The terminology involved with options can quickly become confusing, so reference the following for “need to know” terminology:
- Type of Option: A person can either buy or sell a call option (right to buy) or a put option (right to sell) when they choose a contract.
- Expiration Date: This is the date at which the buyer of the contract must determine whether or not they want to execute their contract, and it can be days, weeks, or even years in the future. Most options typically expire on the third Friday of the month.
- Strike Price (Exercise Price): A strike price is the price at which the buyer can buy or sell the underlying asset should they choose to execute their contract. For example, buying a call option on stock ABC with a strike price of $10 gives you the right, but not the obligation, to buy 100 shares of stock ABC at $10 a share up until the expiration date.
- Premium: The premium of an options contract is the price a buyer pays for that contract, which is calculated based on the difference between the asset’s current price and the strike price, as well as the amount of time before expiration.
With the basic terminology in place, lets move on to brokerages, and then strategies.
Finding the best online broker can be the difference between being successful and failing when it comes to options. Let’s dive into 7 of the best options trading platforms to use in Canada.
The 7 best options trading platforms in Canada
- Qtrade
- Questrade
- Interactive Brokers
- Wealthsimple Trade
- TD Direct Investing
- CIBC Investors Edge
- National Bank Direct Brokerage
Qtrade
Qtrade, or Credential Qtrade Securities Inc., is a brokerage firm based out of Vancouver, Canada. Their online investing platform Qtrade Direct Investing allows traders access to options, among other financial instruments. The primary benefit of Qtrade is that they offer educational resources designed to help platform members become DIY investors.
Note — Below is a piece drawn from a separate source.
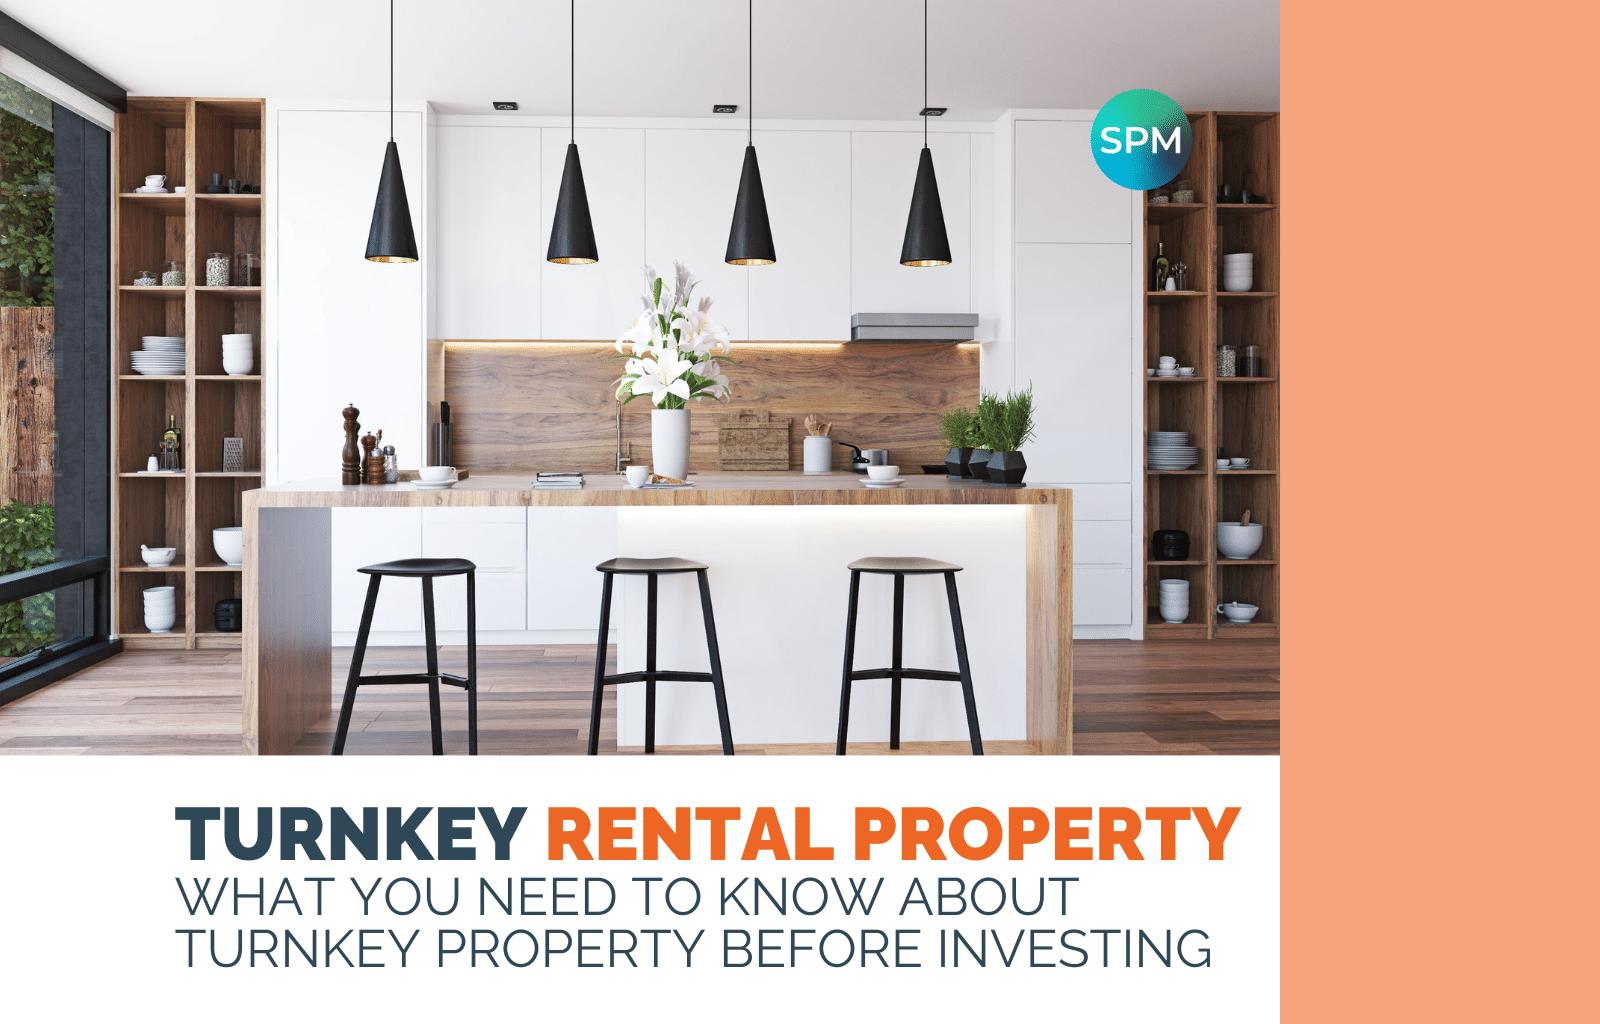 Turnkey property investing

I would consider the commission for Qtrade the middle of the line, at $8.75 plus $1.25 per contract.
This can be further reduced to $6.95 plus $1.25 per contract if a person places more than 150trades per quarter or they have over $500,000 in assets. This platform has a $0 minimum deposit and account minimum, making it an excellent choice for beginners.
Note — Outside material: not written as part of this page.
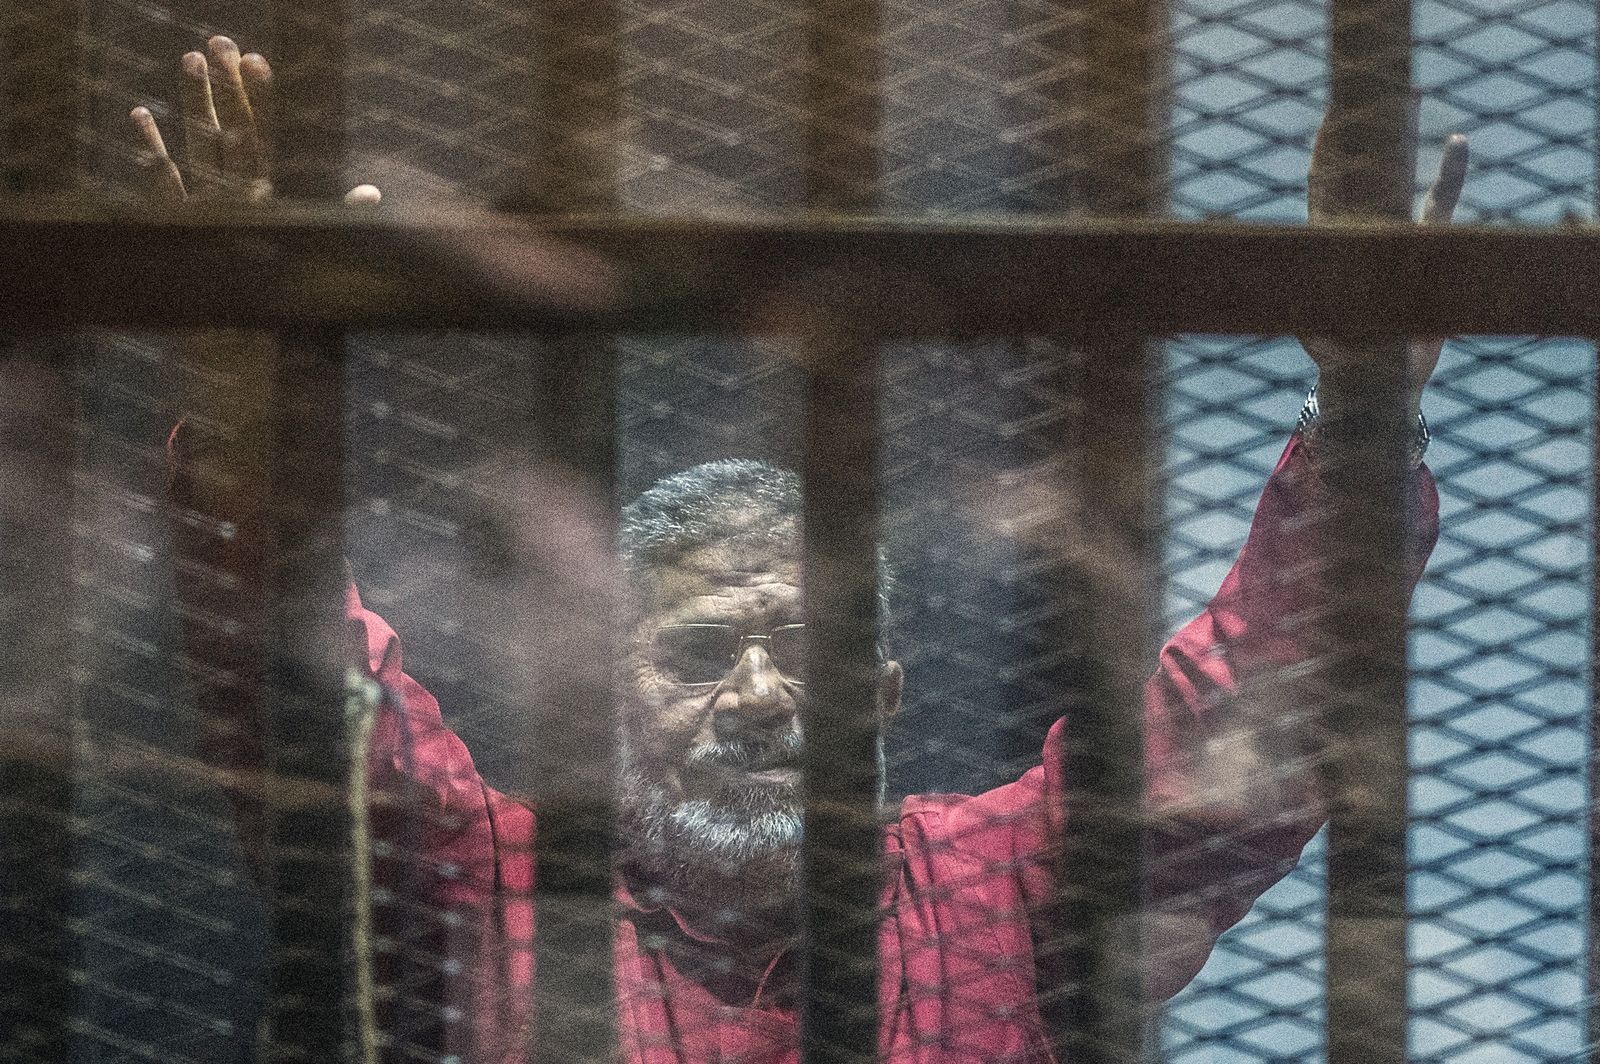 AFP-โมฮัมเหม็ด มอร์ซี อดีตประธานาธิบดีอียิปต์ที่ถูกรัฐประหารเมื่อปี 2556 เสียชีวิตเมื่อ 17 มิ.ย.2562

Their complete suite of tools makes it one of the no brainer selections for an investor looking to trade options. Although commissions are a bit higher, you’re getting more bang for your buck in my opinion.
Also, if you sign up through Stocktrades, you can get upwards of $150 back via the promotion they’re currently running.
You can click here to claim the offer and get started trading options today.
Questrade
The central selling point for Questrade as one of the best online brokerages for options trading is that they are the only Canadian-owned discount brokerage independent of all big banks. However, they have the same protection assurance regarding the assets investors hold, making it equally as safe.
For just $9.95 plus $1.00 per contract, Questrade is more expensive than some other platforms on this list but offers just as many, if not more, perks for investors to utilize.
Included for free with all Questrade accounts is access to options and index snap quotes, as well as real-time level 1 data streaming for stocks and ETFs that are listed on North America’s most popular exchanges. Additionally, for just $19.95 CAD per month, an investor can access up-to-the-second streaming data for Canadian and U.S. options.
If you sign up for Questrade through Stocktrades, you can get $50 for free. Just click here to claim the offer.
Interactive Brokers Canada
Interactive Brokers Canada is one of the largest online brokerages to consider on this list, with operations in over 33 countries across more than 150 markets in 26 currencies. They are listed on the Nasdaq and have around $2.05M in daily average revenue stemming from trades, which goes to show just how notable this Canadian online broker is.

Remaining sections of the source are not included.